= Cytostome =

Part of a cell

Diagram of a ciliate

A cytostome (from cyto-, cell and -stome, mouth) or cell mouth is a part of a cell specialized for phagocytosis, usually in the form of a microtubule-supported funnel or groove. Food is directed into the cytostome, and sealed into vacuoles.
Only certain groups of protozoa, such as the Ciliophora and Excavata, have cytostomes. An example is Balantidium coli, a ciliate. In other protozoa, and in cells from multicellular organisms, phagocytosis takes place at any point on the cell or feeding takes place by absorption.

== Structure ==
The cytostome forms an invagination on the cell surface and is typically directed towards the nucleus of the cell. The cytostome is often labeled as the entire invagination, but in fact the cytostome only constitutes the opening of the invagination at the surface of the cell. The rest of the invagination is classified as the cytopharynx. The cytopharynx works in conjunction with the cytostome in order to import macromolecules into the cell. This strong association between the cytostome and cytopharynx is often called the cytostome-cytopharynx complex or the cytopharyngeal apparatus. However, in a small number of cases the cytostome works independently in order to import macromolecules. In these instances, the cytostome imports macromolecules by directly forming vesicles that are imported into the interior of the cell.

The cytostome is associated with microtubules that function in maintaining its form. One set of microtubules is arranged in a triplet formation and is located directly beneath the cytostome membrane. A second set of microtubules is positioned directly beneath the flagellar pocket membrane and forms a quartet.

=== Cytopharynx ===
Equally as important in the function of endocytosis is the structure known as the cytopharynx. The cytopharynx is a long, tube-like structure that forms the invagination associated with the cytostome. While the shape of the cytopharynx is not constant, it is typically directed towards the posterior of the cell, often hooking around a central nucleus. The length of the cytopharynx varies during the cell cycle, however the average length is 8 μm.
Much like the cytostome, a set of microtubules form an association with the cytopharynx. Two sets of microtubules follow the path of the cytopharynx in cells. These sets of microtubules form a gutter like structure that surrounds the cytopharynx. One side of the cytopharynx is not associated with these microtubules and is deemed the "nude". However, vesicles associate with this side of the cytopharynx.

== Location ==
The location of the cytostome in most flagellated protozoa is strongly conserved.

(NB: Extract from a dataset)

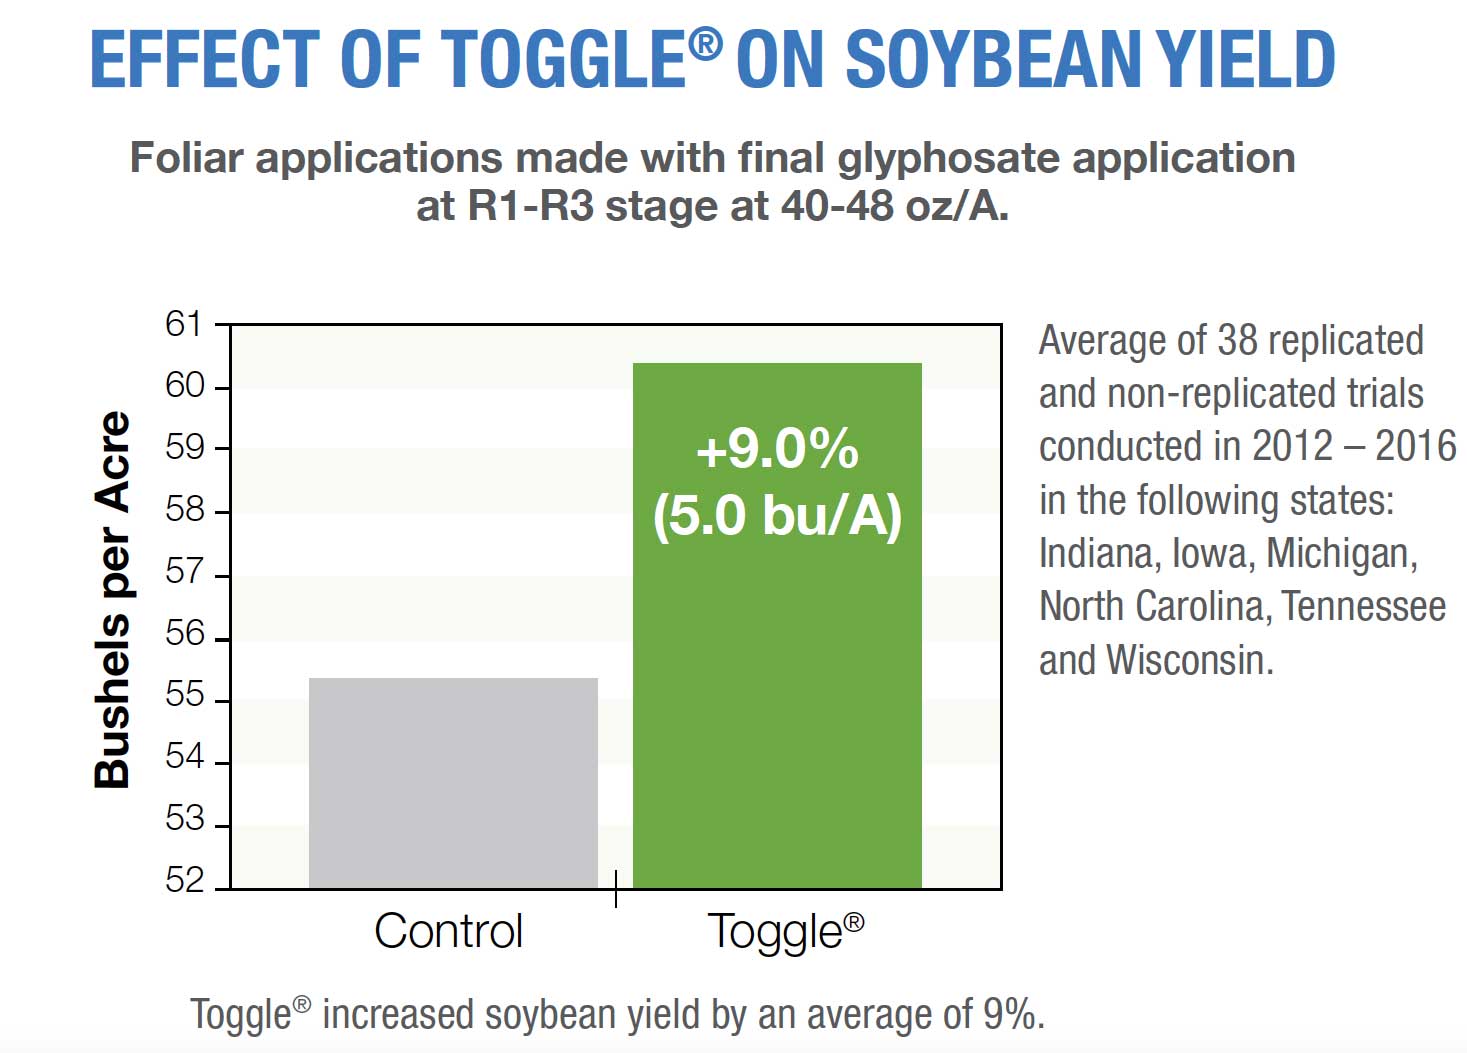 Effect of Toggle on Soybean Yield
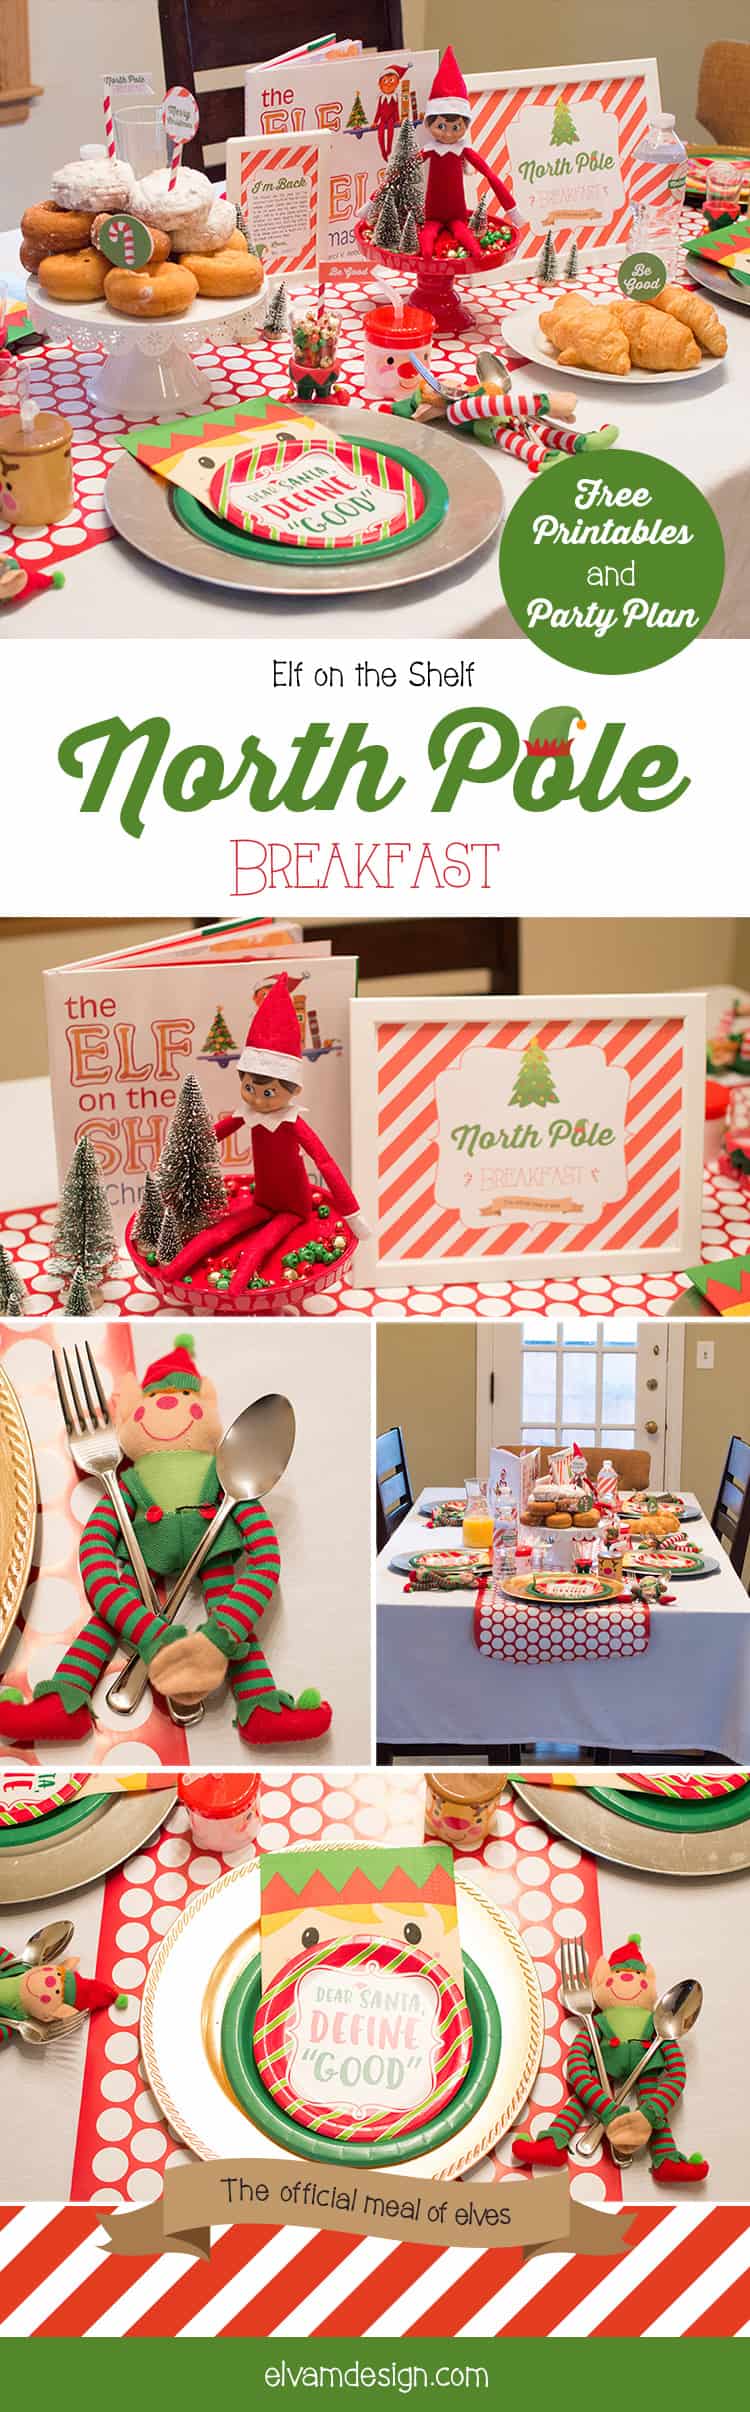 Elf on the Shelf North Pole Breakfast Party

The cytostome is located on the anterior end of the cell close to a structure known as the flagellar pocket. The flagellar pocket is also an invagination in the cell and also serves as a site of endocytosis. The opening of the cytostome is approximately level with the opening of the flagellar pocket.

Ciliophora is a phylum of protozoa. The cytostome in this phyla can be either apical or lateral.

== Function ==
The cytostome-cytopharynx complex functions as follows: macromolecules to be taken up by a cell enter the cytostome. Macromolecules then pass into the lumen of the cytopharynx and are transported to the posterior end of the cell where they are put into budding vesicles that are transported to others parts of the cell. The cytopharynx in this way acts much like a straw that sucks macromolecules to the posterior end of the cell. The passage of macromolecules from the entrance of the cytostome to the posterior end of the cytopharynx takes at least 2 minutes. The cytostome is the main site of endocytosis in Trypanosoma cruzi epimastigotes.

=== Associations ===
The cytostome has also been found to associate with the flagellum of Trypanosoma cruzi. So far, this is the only known example of an endocytotic organelle being associated with an organelle that is used for locomotion.

=== Related structures ===
As mentioned above, the flagellar pocket is another site of endocytosis in flagellated protozoa. The flagellar pocket is an invagination that is formed around the extracellular flagellum. The flagellar pocket is a site of both endocytosis and exocytosis in cells.

== Visualization methods ==
Many methods have been used in order to visualize the cytostome. Eger et al. used gold labeled transferrin molecules in combination with confocal microscopy in order to visualize the cytostome. This experiment showed that labeling with the gold particles was evident at two locations in the cells; one of the locations was the bottom of the cytopharynx, and the other location was in reservosomes in the cell.

Another team used ion beam scanning electron microscopy, also known as FIB-SEM followed by three dimensional reconstruction in order to create a 3-dimensional model of the cytostome-cytopharynx complex.